Ferdinand Keller, or von Keller (5 August 1842 – 8 July 1922) was a German genre and history painter.

== Life ==
He was born in Karlsruhe to the family of a civil engineer. In 1857, when he was fifteen, his father was awarded a contract to design bridges, roads and dams in Brazil. Ferdinand and his brother Franz were able to accompany him. Over the course of a four-year stay, he was able to teach himself drawing by sketching the tropical landscape. Shortly after their return, he enrolled at the Academy of Fine Arts, Karlsruhe, where he studied with Johann Wilhelm Schirmer, the former Director of the academy. After Schirmer's death, he studied with Ludwig des Coudres.

He was unsatisfied with the academy, however, and took private lessons in the studio of Hans Canon. This was followed, in 1866 and 1867, by study trips to Switzerland and France. He achieved his first recognition with his painting "The Death of Philip II" at the International Exposition. From 1867 to 1869, he lived in Rome, where he made the acquaintance of Anselm Feuerbach and maintained a joint studio with him.

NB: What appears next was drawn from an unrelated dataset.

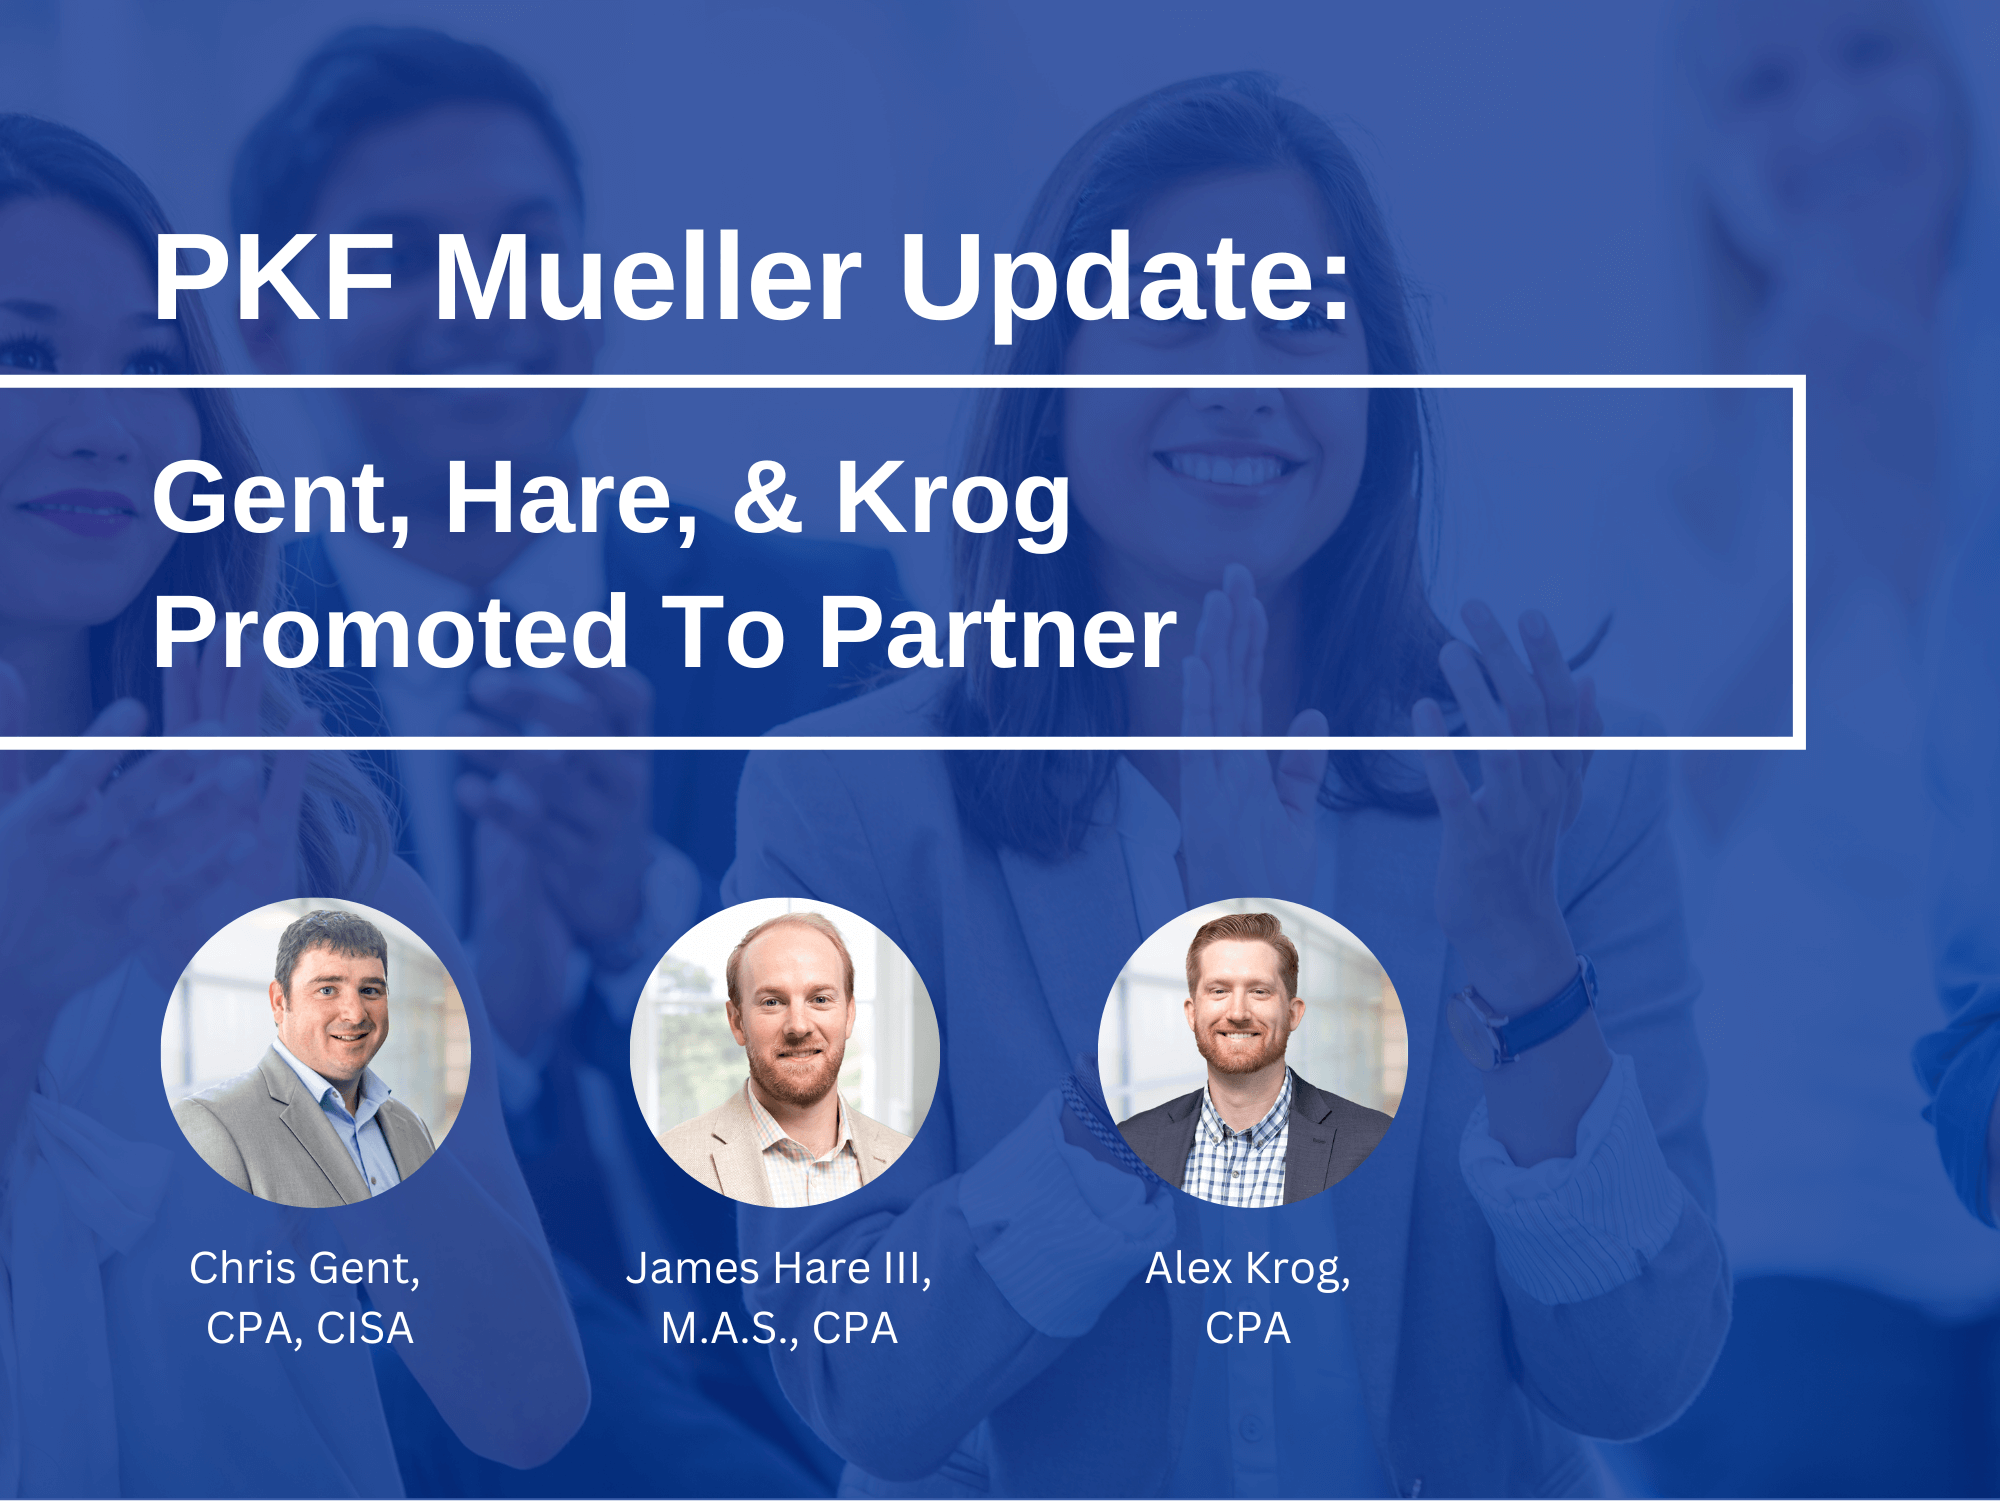 PKF Mueller's Gent, Hare III, and Krog Promoted to Partner 10/1/22.
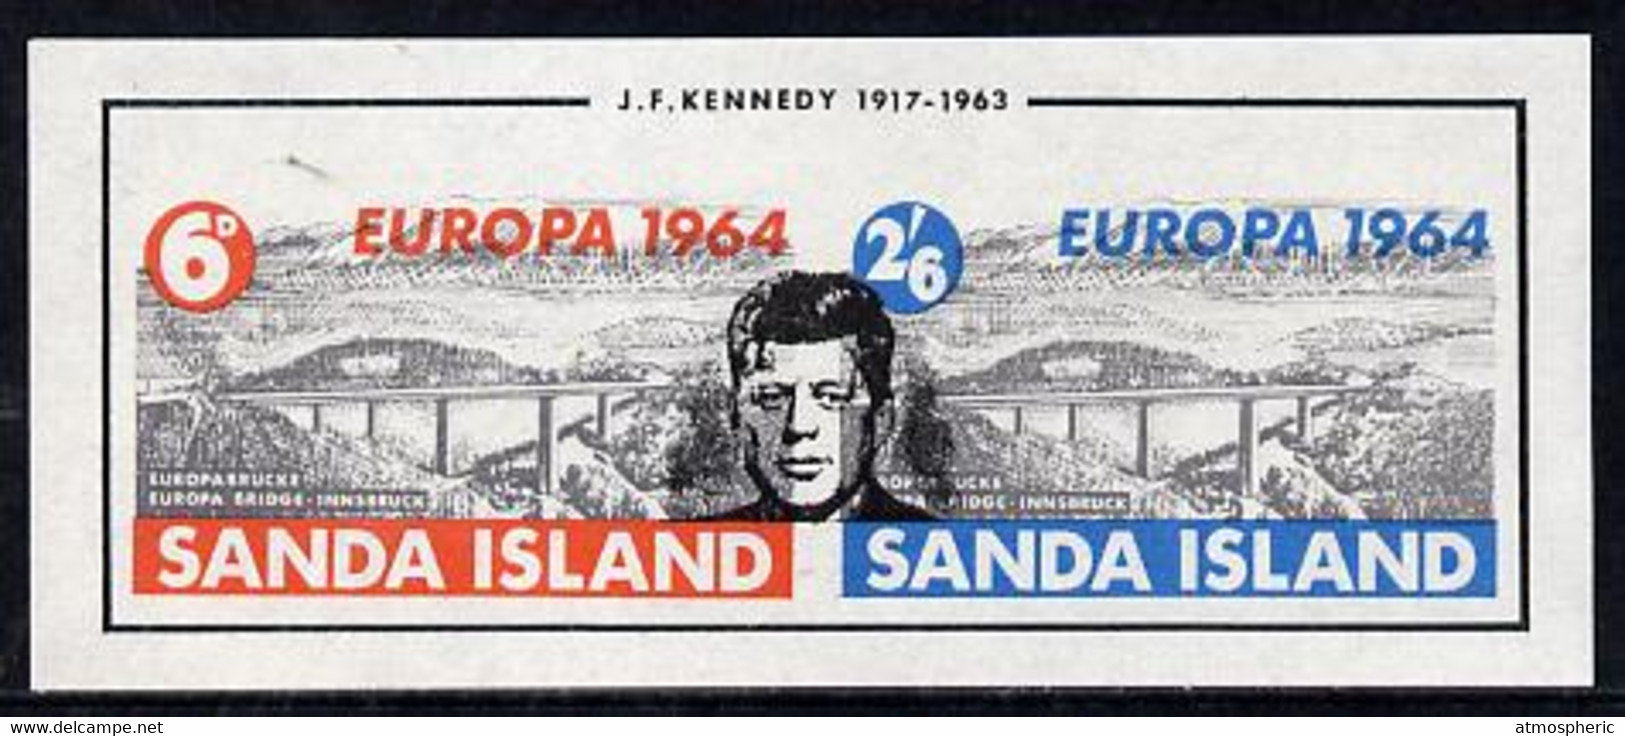 Sanda Island 1964 Europa Bridge Imperf M/sheet Opt'd For J F Kennedy Memorial, U/M - Unclassified

In 1870, he became a teacher of portrait and history painting at the Karlsruhe Academy and was appointed a professor in 1873. From 1880 to 1913, he served as director.

In addition to his regular paintings, he provided decorations and curtains for the new Karlsruhe Court Theater and the Dresden Semperoper. His decorations for the King Carl Hall at the Landesmuseum Württemberg pleased the King so much that he awarded Keller a title of nobility. Frederick I, Grand Duke of Baden, commissioned him to paint the "History of Baden", now on display at the Staatliche Kunsthalle Baden-Baden. On a smaller scale, his etchings have been used to illustrate numerous books.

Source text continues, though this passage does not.